FIG. 8 shows data for four additional biomarkers that are proteosome subunits. The distinction between this group and those inFIG. 7 is largely subjective and based on differences in biology. That is, they are not significantly elevated in the full advanced cancer cohort but are significant or close to significant compared with the low CEA group. Interestingly, while these subunits show elevated levels in the low CEA samples, other proteosome subunits show not differences between groups of patients (seeFIG. 9).

Finally, the remaining nine biomarker candidates do not show any promising differences between cancer and control samples. Hence they are probably not worth pursuing further (FIG. 9).

Receiver operator curves for the most promising biomarkers are shown inFIG. 10. Data for all biomarker candidates are summarized inFIG. 11. Interestingly, as noted above, some biomarkers such as NME1, PSMB9 and PSMA1 showed significant differences (p<0.05) between the normal group and the low CEA subgroup of the late cancer patients, although there was no difference between the normal group and all late cancer patients.

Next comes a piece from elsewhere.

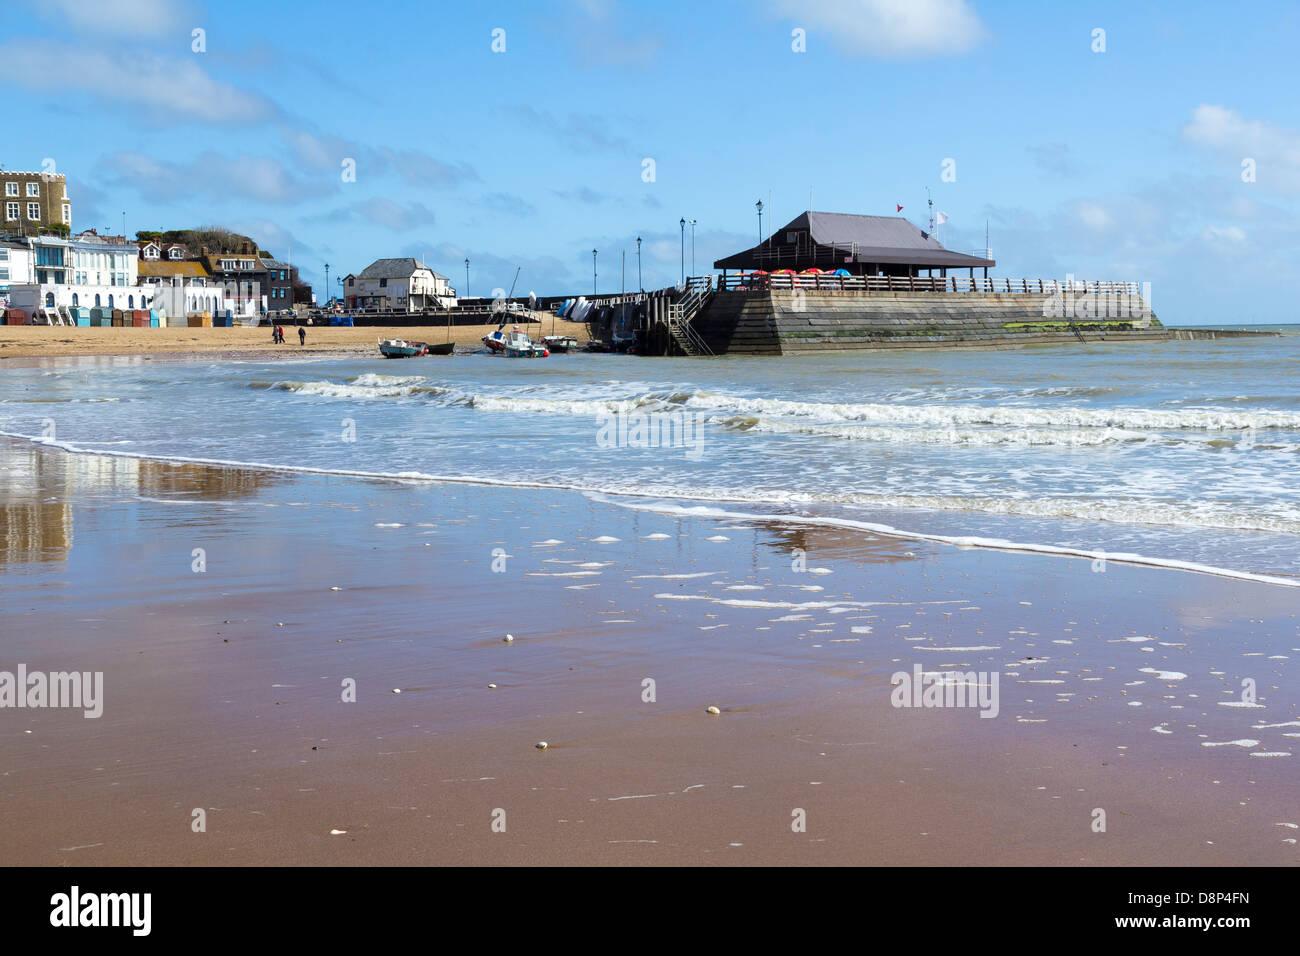 Viking Bay at Broadstairs, on the Isle of Thanet, Kent England UK Stock Photo

The 11 biomarkers above the line inFIG. 11 are valuable CRC biomarkers (not including the ERDN biomarker, TIMP1). Based upon available data, LMNB1, ECI1, and NME2 are the most significant. In this patient cohort, these three biomarkers compare favorably in terms of sensitivity and specificity to CEA and CA19-9. In addition, CALR and NME1 are very promising and NME1 is related to NME2, suggesting that combined analysis of these two proteins may provide an advantage.

Each of the documents cited herein, as well as priority U.S. Provisional Application No. 61/775,501, is incorporated herein by reference in its entirety.